In Reflow, because of the compute-heavy nature of image comparison, we've moved it into a worker thread. This ensures that there's no halting of the application during a visual comparison: all other asyncronous processes (such as realtime uploads of test progress) can be handled in parallel with image comparison.

We did this via the npm threads wrapper and esbuild. We first moved all of our compute code into a new file with minimal imports, called imageCompare.worker.js. We then added a pre-compilation step with esbuild to compile this file into a bundle. We then spawn the worker using this generated file as a blob, and interact with it via the threads promise interface.

import fs from 'fs';
import { expose } from 'threads/worker';
import { isMainThread } from 'worker_threads';

/* ... */

const workerExports = {
  configureWorker,
  compareFiles,
  compareScreenshots,
};

if (!isMainThread) {
  expose(workerExports);
}
export type ImageCompareWorkerExports = typeof workerExports;

import { spawn, BlobWorker } from 'threads';

import type { ImageCompareWorkerExports } from './imageCompare.worker';
import { configureWorker, comparePNG as workerComparePng, cropImage as workerCropImage } from './imageCompare.worker';
import { source as workerBlob } from '../../generated/imageCompare.workerSource';
import logger, { getLevel } from '../logger';

let worker: ImageCompareWorkerExports;

export async function bootImageCompareWorker() {
  try {
    worker = await spawn<ImageCompareWorkerExports>(BlobWorker.fromText(workerBlob));
    configureWorker(getLevel(process?.env?.LOG_LEVEL));
    return worker.configureWorker(getLevel(process?.env?.LOG_LEVEL));
  } catch (e) {
    logger.fatal('Error starting worker', e);
  }
}

export async function compareFiles(imageA: string, imageB: string, outFile: string): Promise<void> {
  return worker.compareFiles(imageA, imageB, outFile);
}

export async function compareScreenshots(preData: Buffer, postData: Buffer, options): Promise<ScreenshotCompareOutput> {
  return worker.compareScreenshots(preData, postData, options);
}

Track your releases, run end-to-end tests once per release

Your end-to-end tests should be focused on catching regressions, not heisenbugs: if they pass once on a release you shouldn't execute them again.

In v4.14.0 we made our first step towards helping QA teams do this: source-map powered release tracking. Reflow now hashes and downloads all source maps associated with a given release (conditionally with a regular expression to filter them to application code) to create a version identifier. This means that it can track when your application is released, and hence allow you to determine if an end-to-end sequence has already been successfully executed on that release.
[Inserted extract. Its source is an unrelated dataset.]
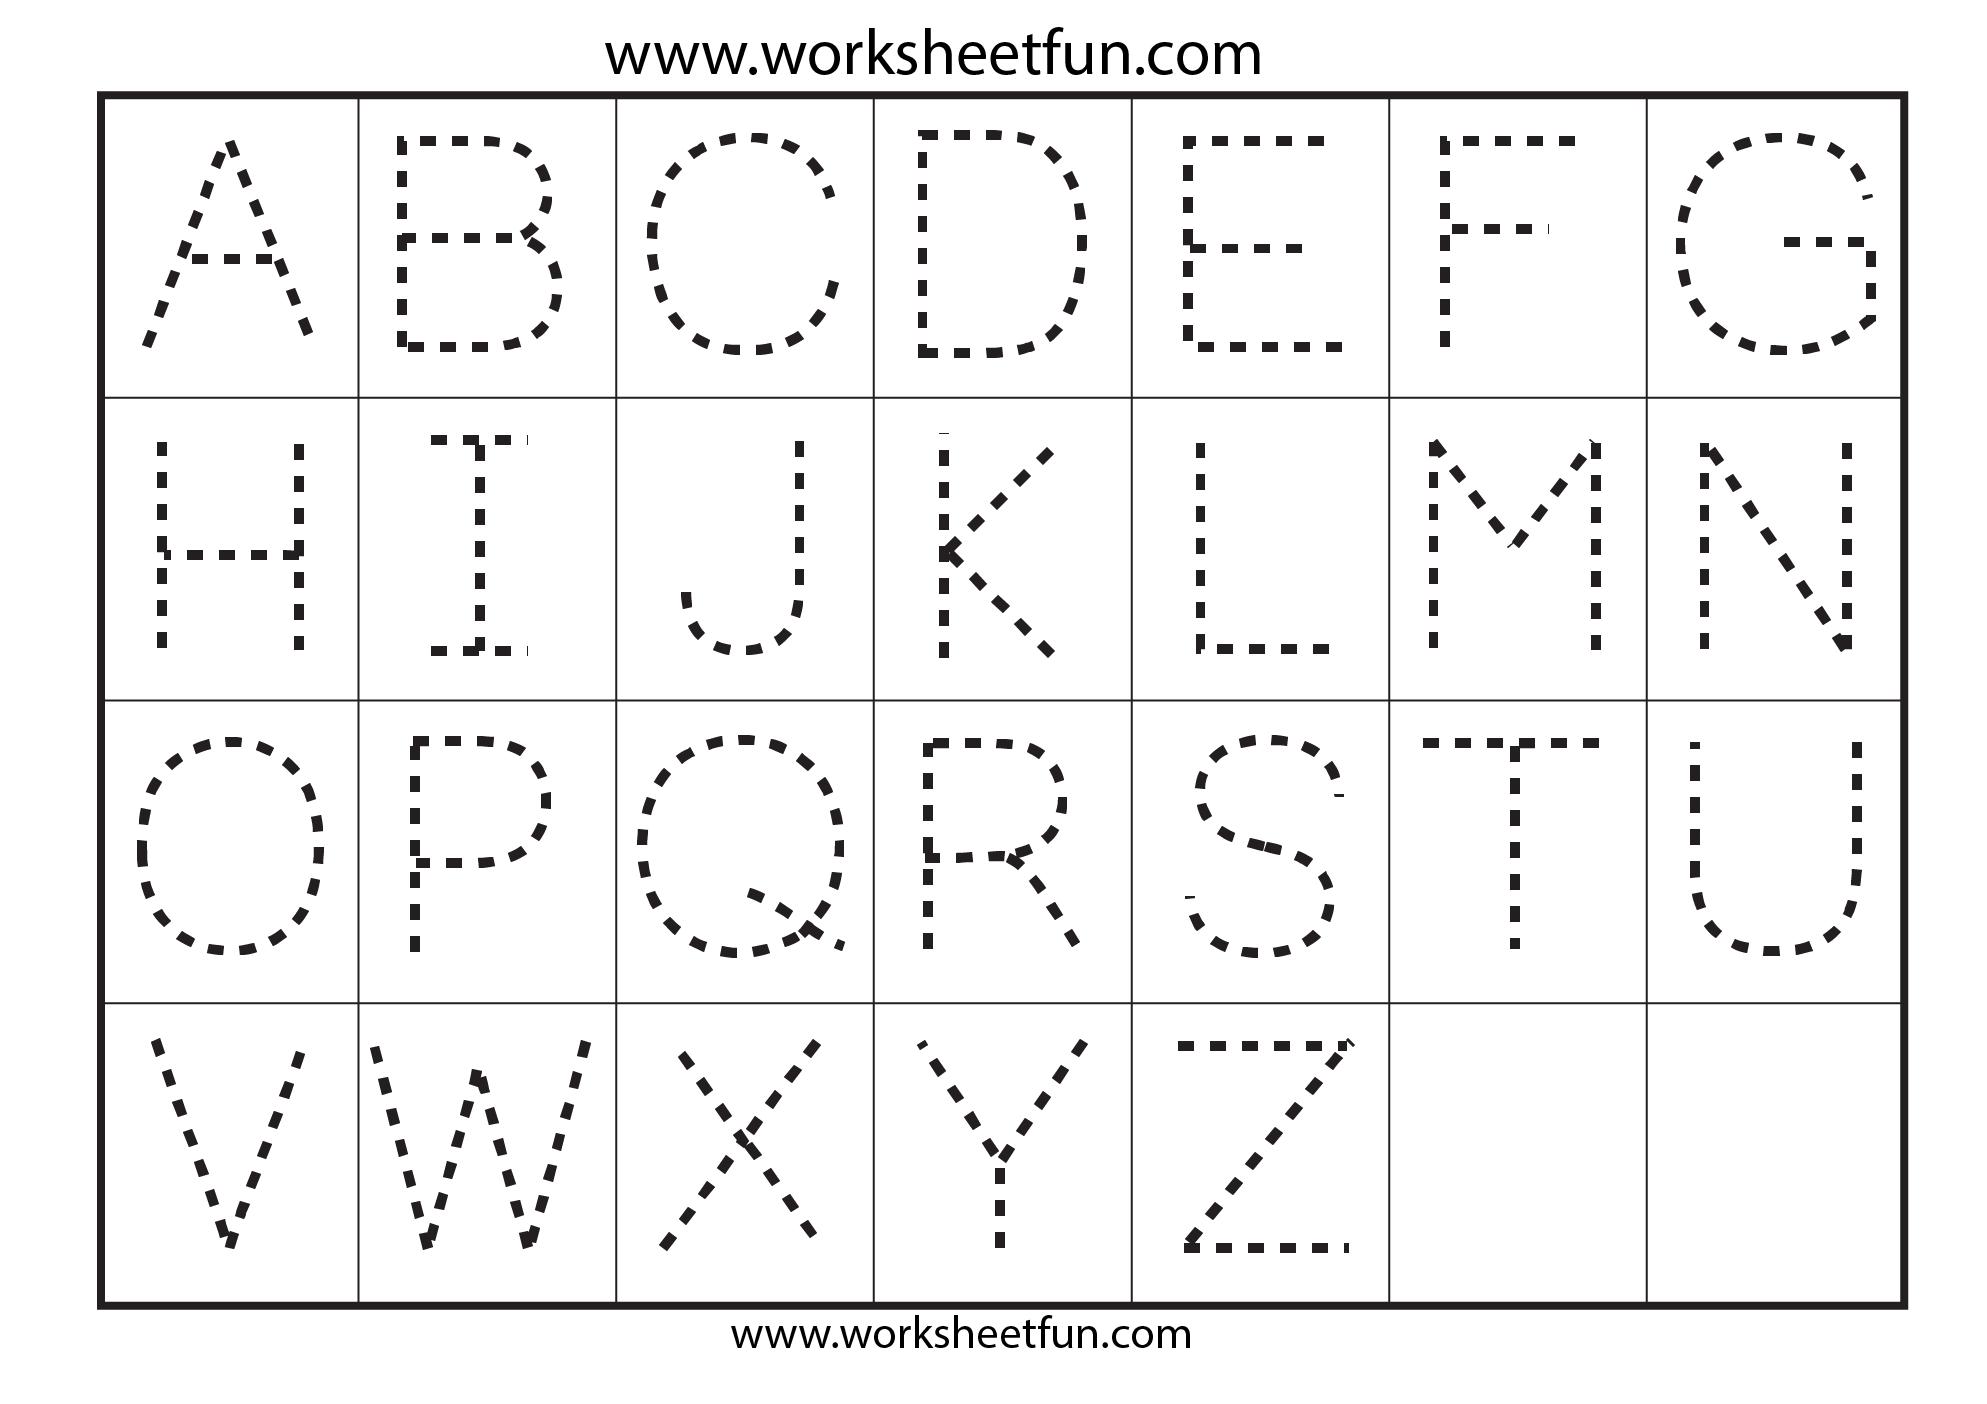 Worksheet Preschool Alphabet Worksheets A-z 6 best images of preschool printables letters a z printable worksheets alphabet tracing letter a

This is currently opt-in, as we're still working out how to make downloading sourcemaps not affect the performance of a test execution when large numbers of them are exposed. We've built a sourcemap explorer and a simple UI to help guide our customers on what's currently executing within an environment.

TL;DR

Cull all sleep statements: always wait for specific events. Only introduce stability methods when necessary.
Execute your tests in parallel
Intelligently Cache Tests; don't bother executing them more than once per release

If you're feeling adventurous, try reflow: a low-code record/replay test automation SaaS that will try to do all this for you, fast.

Minor caveat: self-host reflow for maximum speed. We use AWS Fargate to spin up per-user ephemeral browser instances, which have ~1 minute cold startup times on the first use of a test recorder.